Everyone can give me cash or a cheque either in Portsmouth or in France. Cash can be Euros or Sterling, I'll give you a reasonable exchange rate. :twisted: :lol: :lol:

Sean.


----------



## brice1ie (Jun 6, 2009)

V6 SRS said:


> brice1ie said:
> 
> 
> > V6 SRS
> ...


----------



## 04DTT (Apr 7, 2006)

Sean,

Can I get 1 blue short sleeve mens shirt in Large and 1 blue short sleeve ladies tshirt in 18. Hopefully the sizes are a bit better this time :lol: :lol:

Thanks for organising this.

See you all in 3 weeks folks!

Dec


----------



## V6 SRS (Oct 26, 2007)

04DTT said:


> Sean,
> 
> Can I get 1 blue short sleeve mens shirt in Large and 1 blue short sleeve ladies tshirt in 18. Hopefully the sizes are a bit better this time :lol: :lol:
> 
> ...


I've put you down for the large.

I just want to make sure everyone has understood what is going on with the sizes.
The physical shirts will be exactly the same size as they were before.

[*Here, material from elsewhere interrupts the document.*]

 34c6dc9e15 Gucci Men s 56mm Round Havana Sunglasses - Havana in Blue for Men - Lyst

So however big an L was for the IoM, it will be the same for Jura.
The difference is that for IoM the supplier quoted me these chest sizes.


> Mens:
> S - 35" - 37"
> M - 38" - 40"
> L - 41" - 43"
> ...


This time they have quoted me these chest sizes.


> Mens:
> S - 36" - 38"
> M - 40" - 42"
> L - 42" - 44"
> ...


So if you were a 41" chest, you would have looked at the IoM figures and ordered an L.
Now if you look at the Jura figures for a 41" chest, you would order an M.

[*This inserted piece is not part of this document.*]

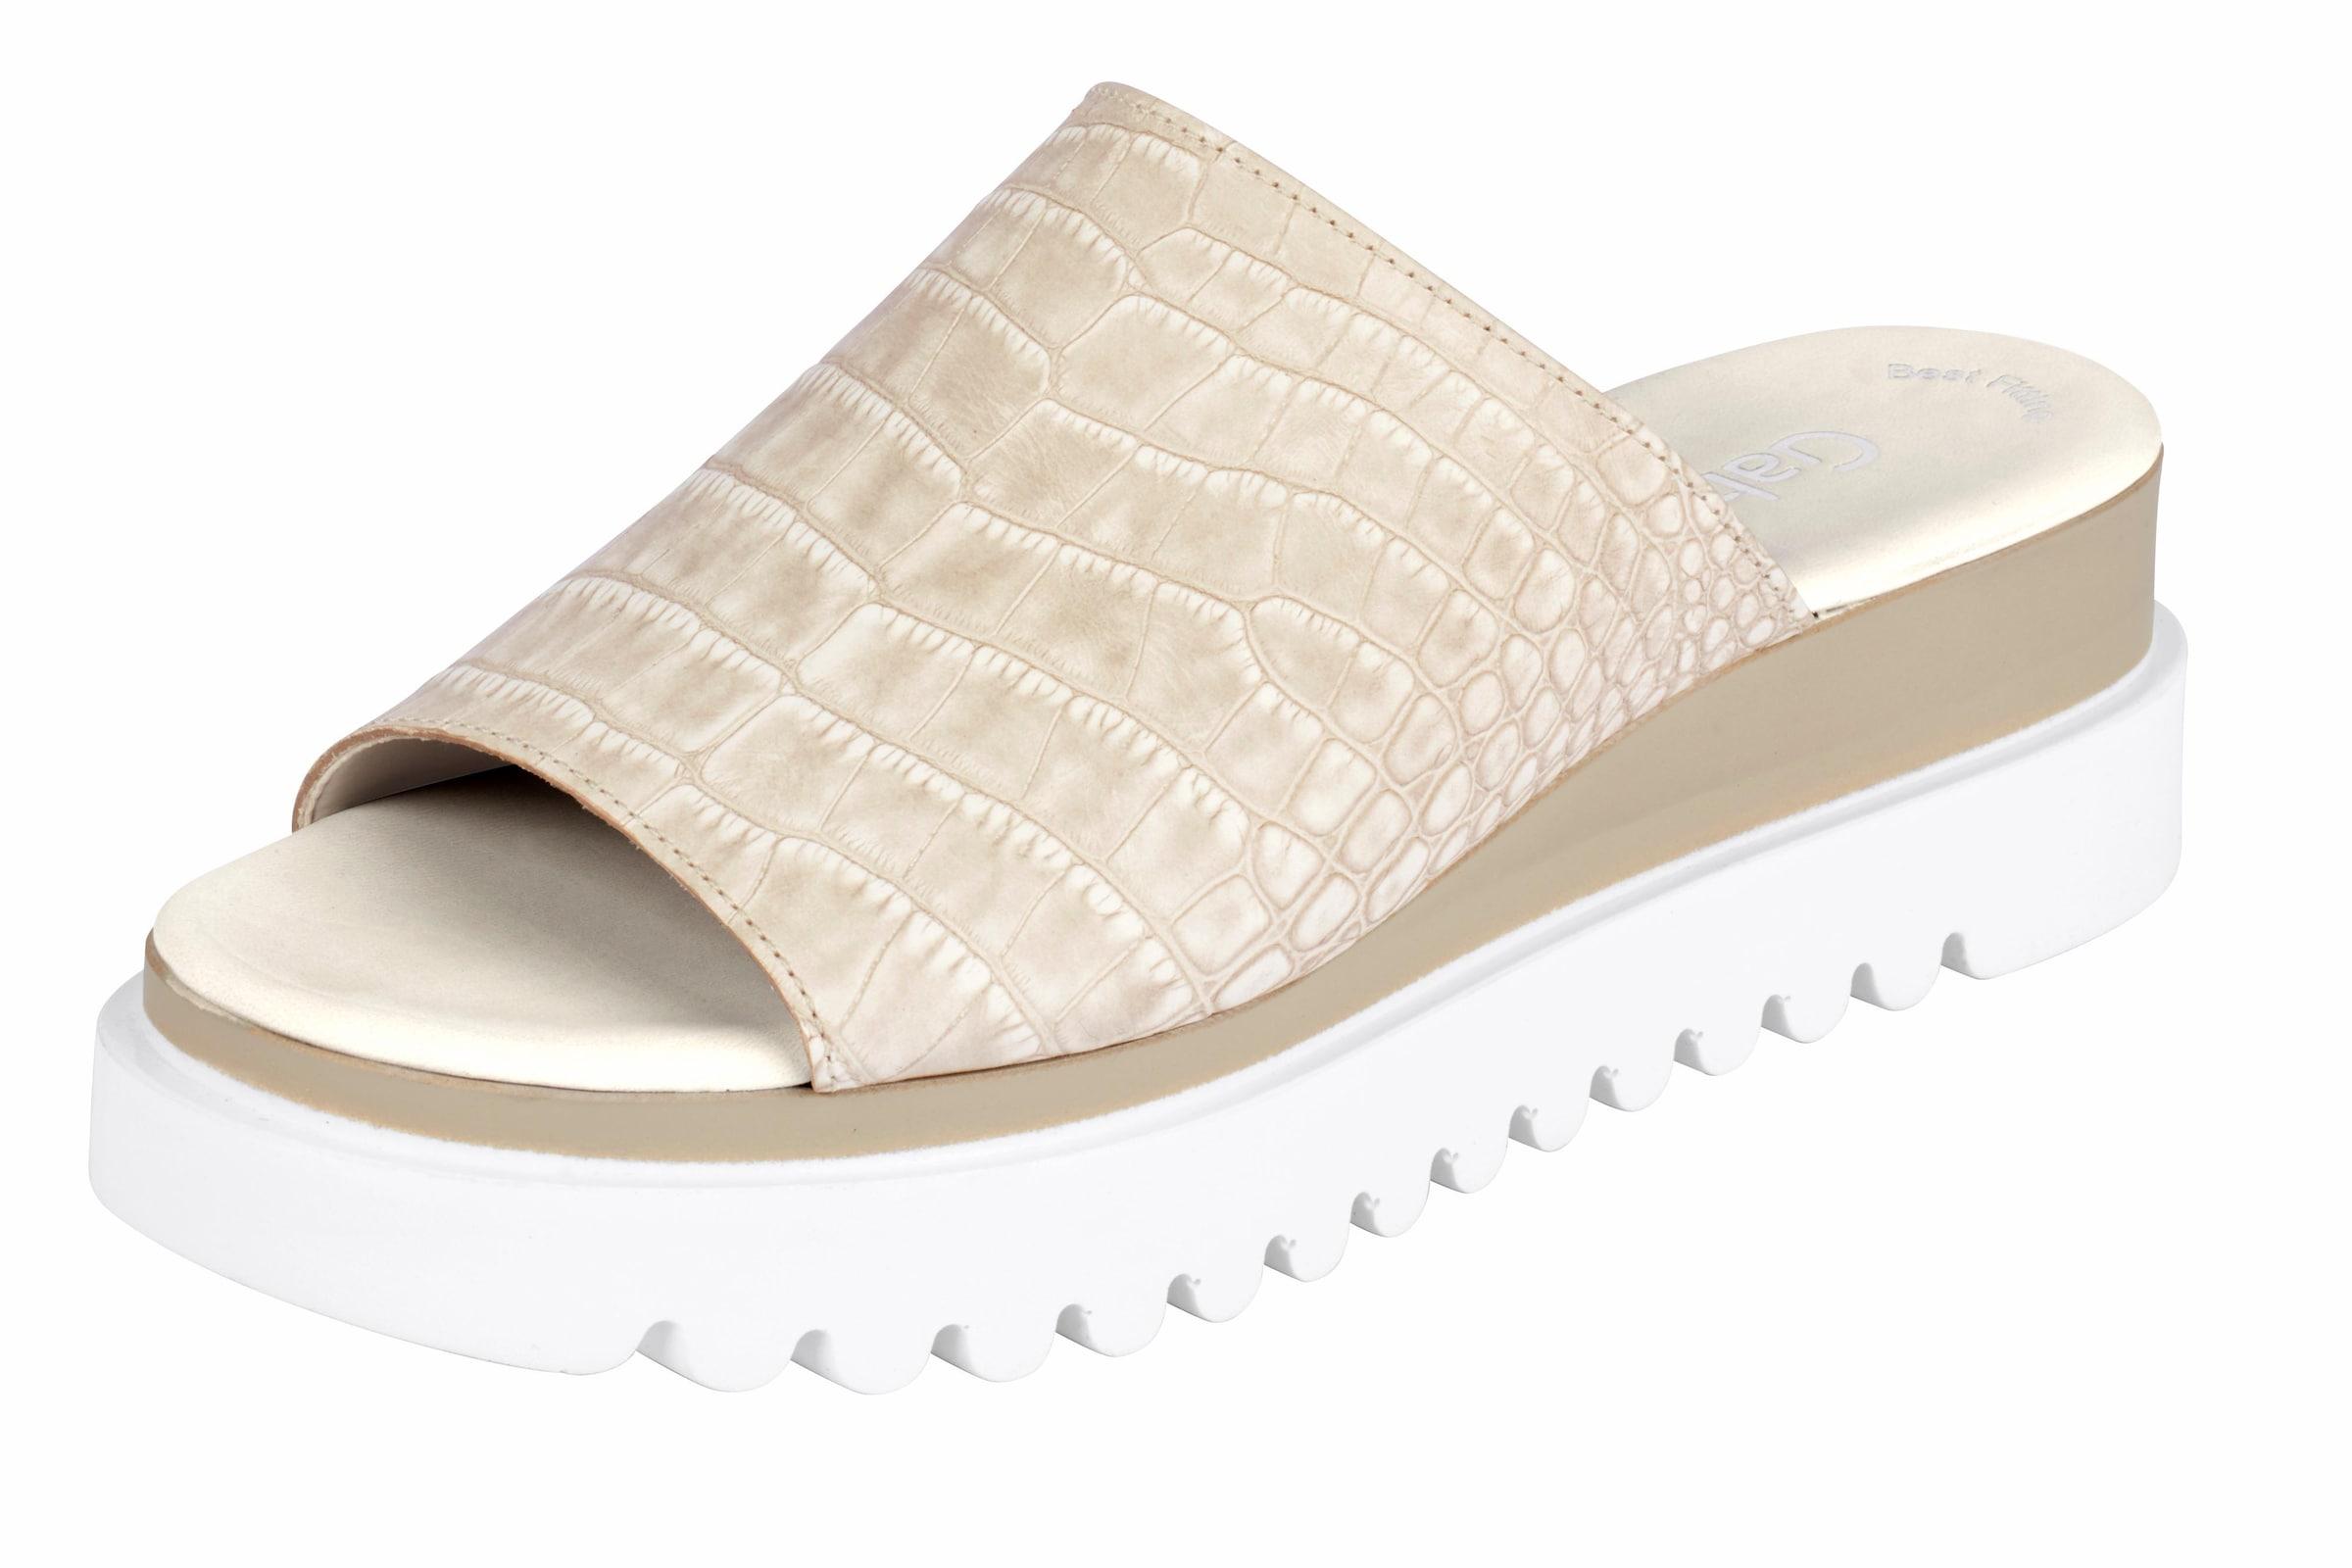 GABOR Pantolette mit Plateau-Sohle Günstige und langlebige Schuhe

I just want everyone to be aware of what size they are ordering. my advice is forget the mantra of "I always buy XL". Get a tape measure and make sure. :wink:

Let me know if anyone wants to amend their order based on this information.

Sean.


----------



## TThriller (Feb 27, 2006)

V6 SRS said:


> Everyone can give me cash or a cheque either in Portsmouth or in France. Cash can be Euros or Sterling, I'll give you a reasonable exchange rate. :twisted: :lol: :lol:
> 
> Sean.


You won't be needing a trip to the Buraeu de Change beforehand then Sean :wink:

I'll PM you the T-Shirt order this shortly. Thanks and well done for organising this.

Cheers

Dave


----------



## blackers (Nov 15, 2006)

> 1x bleu LS small
> 1x white SS 8
> 1x red SS 10


Sean,

An addition to our order
1x white SS large
This is for roadrunner from the clanTT, what is your euro price?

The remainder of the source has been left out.